Шумит, пенится, кейфует воскресный Невский проспект в первый день весны. Проносятся экипажи, сани, легкие коляски. Плывут мимо магазинных витрин, отражаясь в них (и от этого тротуары кажутся еще шире), сотни самых разнообразных людей: чиновники, офицеры, дамы всех возрастов и сословий, гувернеры и бонны со своими воспитанниками, деловые люди, юнкера, гардемарины, флотские чины, дипломаты, торговые люди, отпущенные на прогулку лакеи и горничные, иностранцы.

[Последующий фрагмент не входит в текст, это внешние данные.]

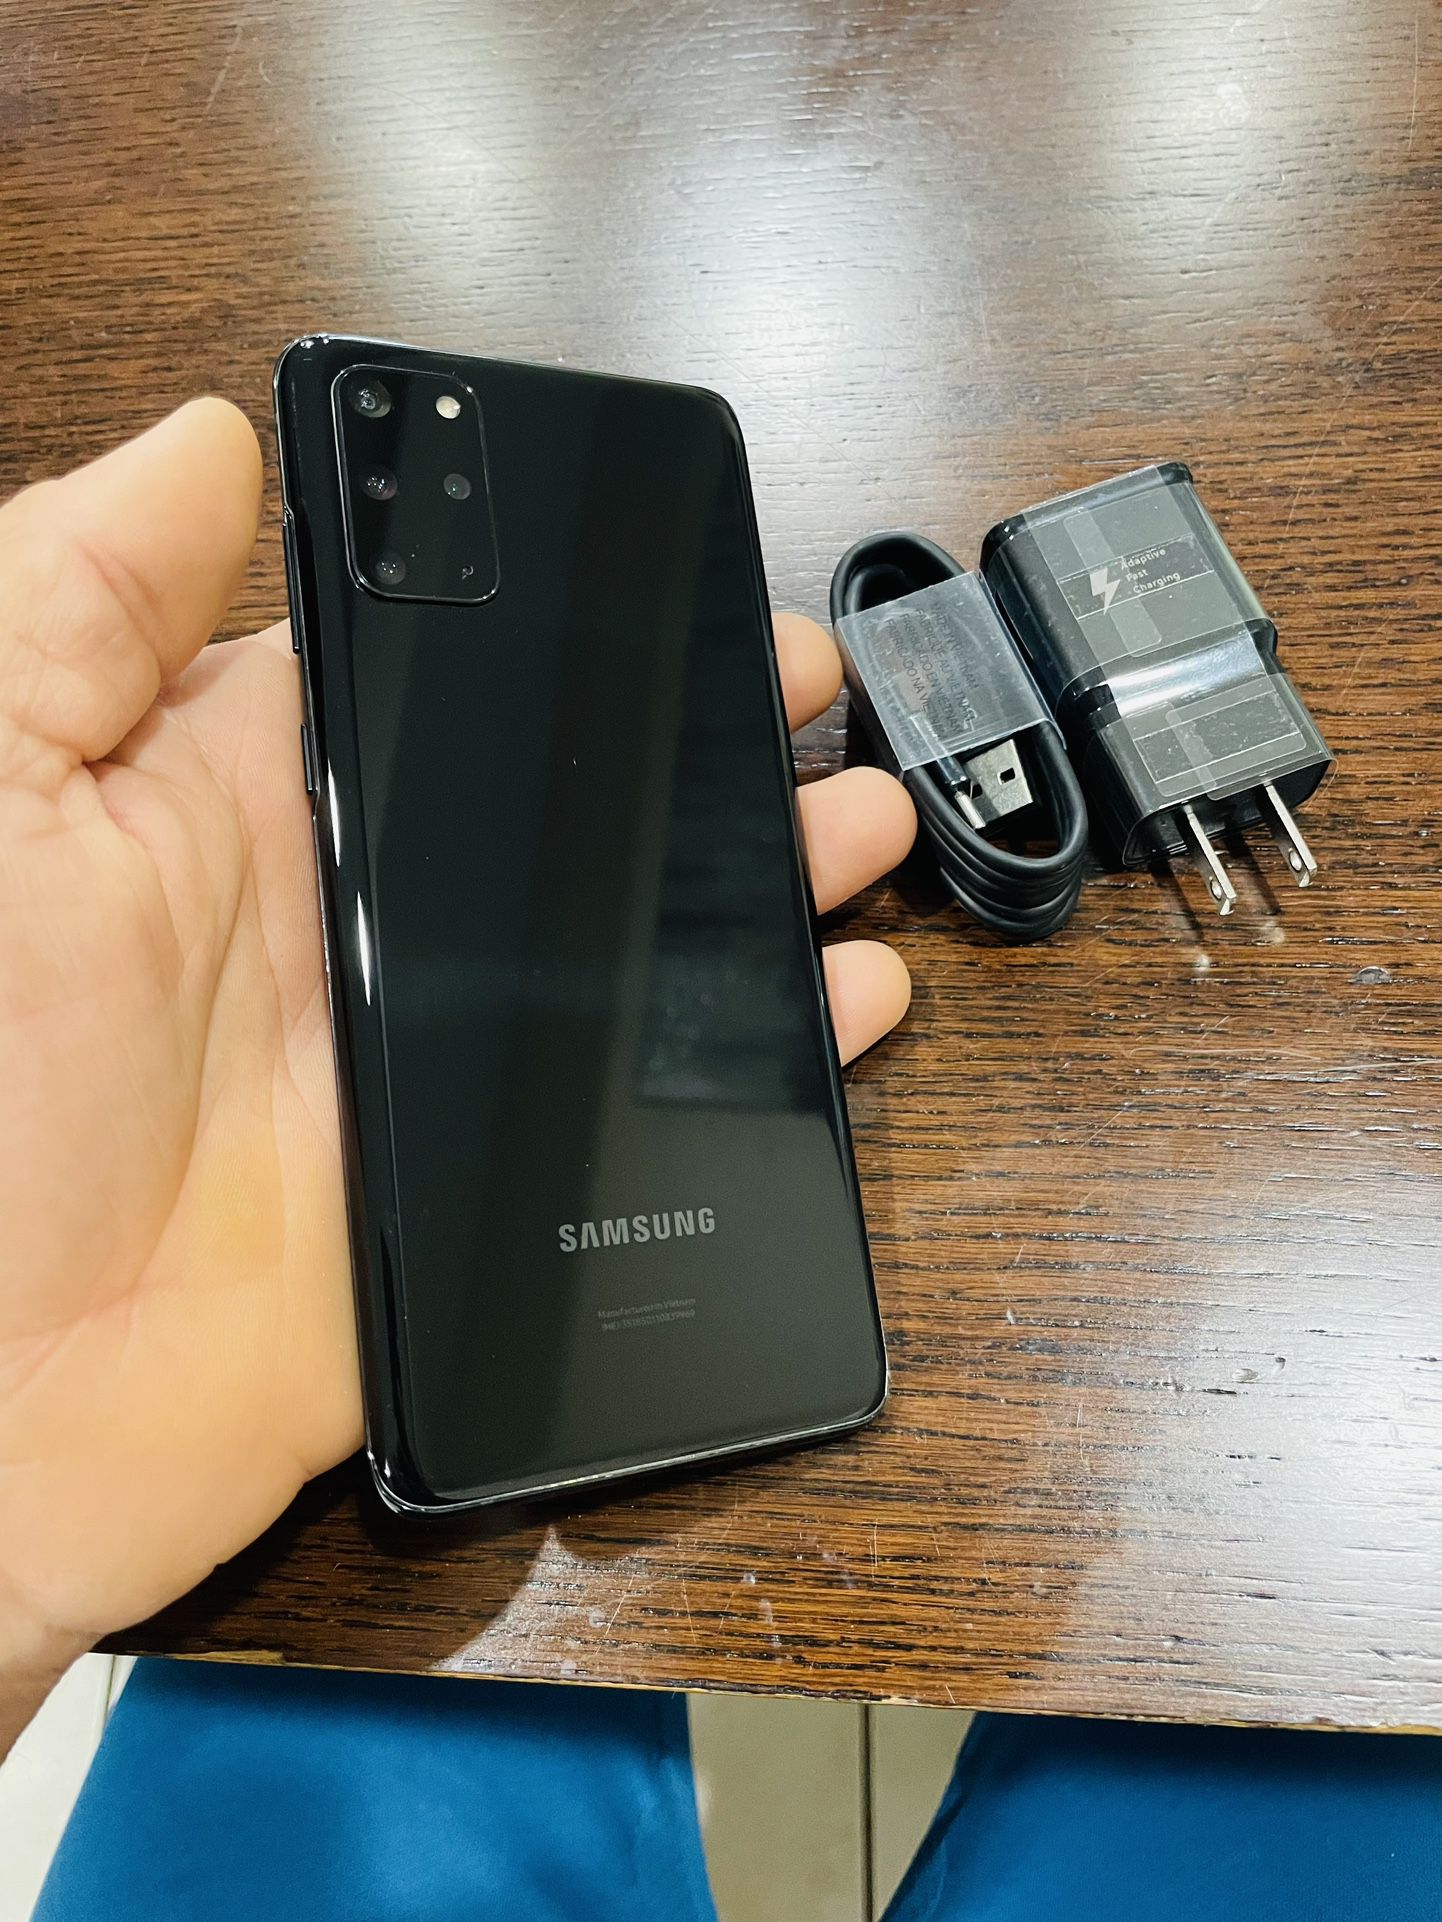 Samsung Galaxy S20 Plus Black 128gb Unlocked. Firm Price

И в этой толпе - две группы людей, связанных между собой незримой нитью борьбы, противоборства и, если понадобится - ожесточенного вооруженного столкновения.
Первая из этих групп не подозревает, что за ней наблюдает вторая.
Вторая - не знает, что первая замыслила среди бела дня на виду у всего Петербурга пролить самую голубую, самую священную кровь империи - царскую.
В половине десятого в Аничковом дворце старших великих князей просят пожаловать на кофе.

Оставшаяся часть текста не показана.